Sadly, my Dell Latitude 5531 with encrypted ext4 root cannot boot anymore after the update:
[ TIME ] Timed out waiting for device./dev/.4ef432-dee9-4792-82c7-e8ddcf3e6e61.
[DEPEND] Dependency failed for /sysroot.
[DEPEND] Dependency failed for Initrd Root File System.
[DEPEND] Dependency failed for Mountpoints Configured in the Real Root.
[DEPEND] Dependency failed for Initrd Root Device.
[DEPEND] Dependency failed for File System Check on /dev/mapper/luks-d34ef432-dee9-4792-82c7-e8ddcf3e6e61.
You are in emergency mode. After logging in, type "journalctl .- xb" to view
system logs, "systemctl reboot" to reboot, or "exit"
to continue bootup.
Camnot open access to console, the root account is locked.
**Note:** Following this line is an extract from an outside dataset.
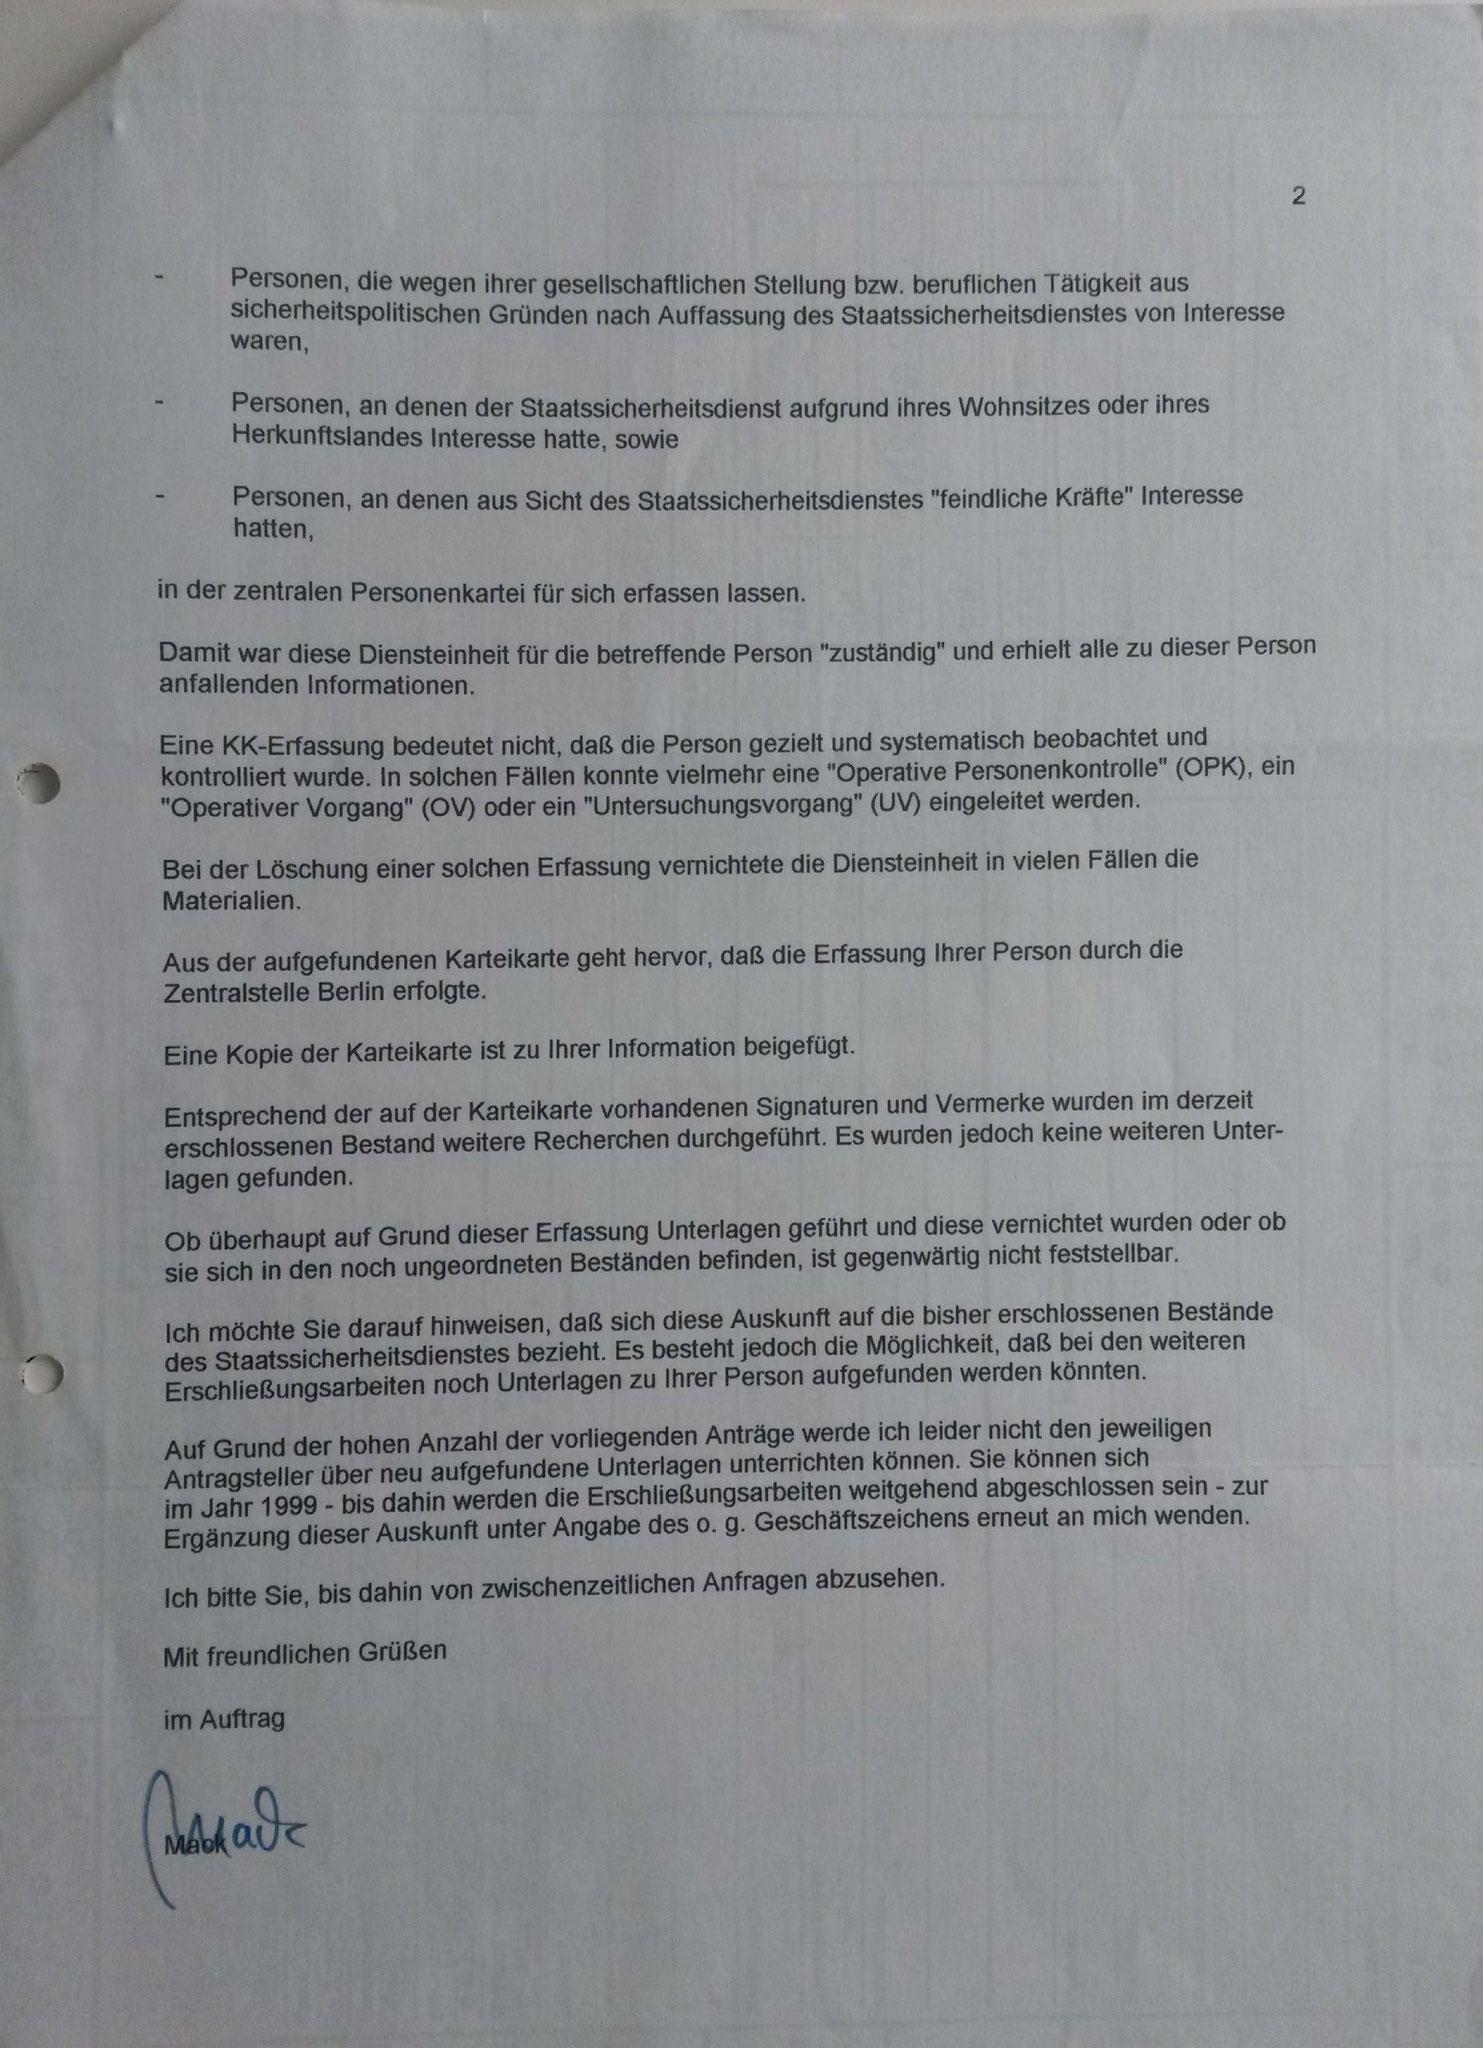 BStU - Bestätigungsschreiben Seite 2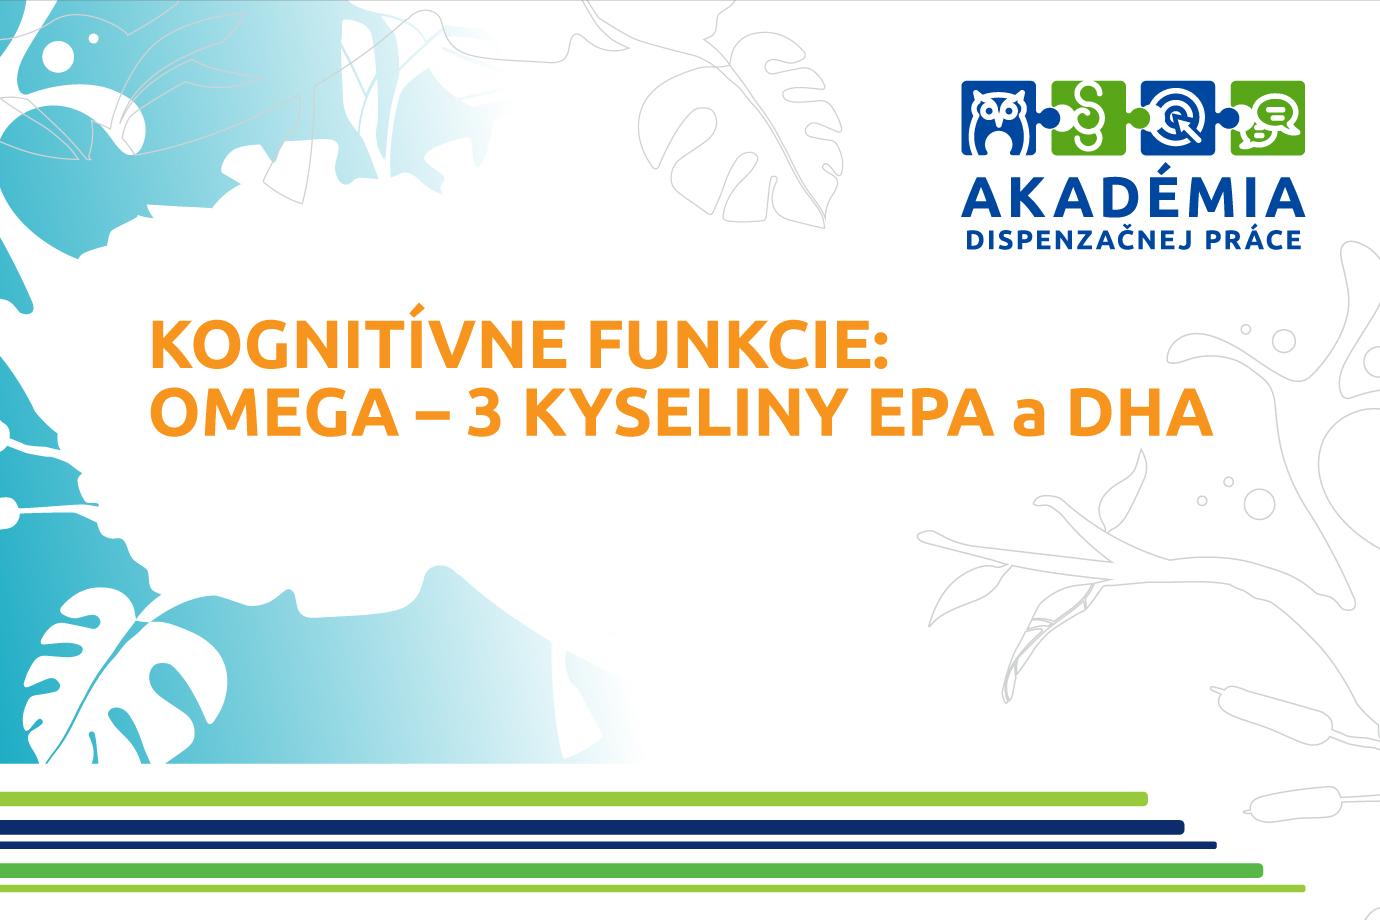 AKADÉMIA DISPENZAČNEJ PRÁCE – Kognitívne funkcie: Omega – 3 kyseliny EPA a DHA

See sulogin(8) man page for more details.
Press Enter to continue.
Things I already tried (sadly no BTRFS and Timeshift):
Boot from USB stick with live system: manually encrypt mount root and boot/efi, chroot and reinstall kernels, and regenerate the initramfs files.
Tried to boot from different kernel versions (618…)
Checked fstab and mkinitcpio.conf, but everything looks unchanged. Maybe that’s the mistake? But get no pacnew files or something else during the update.
Reinstall of GRUB
What I observe: Encryption of the disk is successful, and GRUB is also working: I can switch to the GRUB menu with loaded theme if I hit ESC after entering the encryption password. But then it gets stuck.
Well, I’ve run out of ideas. Does anyone else have any?
[ TIME ] Timed out waiting for device./dev/.4ef432-dee9-4792-82c7-e8ddcf3e6e61.
[DEPEND] Dependency failed for /sysroot.
[DEPEND] Dependency failed for Initrd Root File System.
[DEPEND] Dependency failed for Mountpoints Configured in the Real Root.
[DEPEND] Dependency failed for Initrd Root Device.
[DEPEND] Dependency failed for File System Check on /dev/mapper/luks-d34ef432-dee9-4792-82c7-e8ddcf3e6e61.
You are in emergency mode. After logging in, type "journalctl .- xb" to view
system logs, "systemctl reboot" to reboot, or "exit"
to continue bootup.
Camnot open access to console, the root account is locked.
See sulogin(8) man page for more details.
Press Enter to continue.
As I wrote in the main thread:
I still have no solution. As my private notebook now runs into the same issue, I would think it’s not a very unlikely problem while updating to the latest stable. pacman.log shows no errors during update
Maybe the combination of an encrypted root filesystem with encrypted boot inside causes problems? On my desktop machine I have a separate, non-encrypted boot partition, and everything went fine.
Well, the error message is the same (just the UUID differs, of course). My working laptop is a Dell Latitude 5531 and my private one is a Schenker VIA 14 Pro (L23). So very different hardware: Intel vs. AMD, Kioxia vs Samsung SSDs, but the same result. I would guess it is not a hardware issue.
It has encryption. But not for boot. Because it has dual boot with Windows, I want to access GRUB without encryption. It has a separate boot partition that is not encrypted. The root partition is also encrypted. But no problems here.
I asked @TheInvisible since he didn’t report any logs but a solution (for his case). Regarding your issue do you have access to /var/log/pacman.log so you could post the logs of the last update?
Your post(s) have been moved to a dedicated topic.
Please provide your system information as described below.
Regards.
[Mini-HowTo] Provide System Information
Basic details provided by *-fetch type apps might give enough information for someone wishing to buy a computer, however, for Support purposes it’s best to ask your system directly.
Output of the inxi command will generate more useful and detailed information for those who may wish to help:
So you are still asked for your luks passphrase. I’m thrown into emergency mode without being asked for my passphrase. I’m currently doing a backup of the system, so I can tinker around without the risk of doing further damage to it. I will report back when the backup is done.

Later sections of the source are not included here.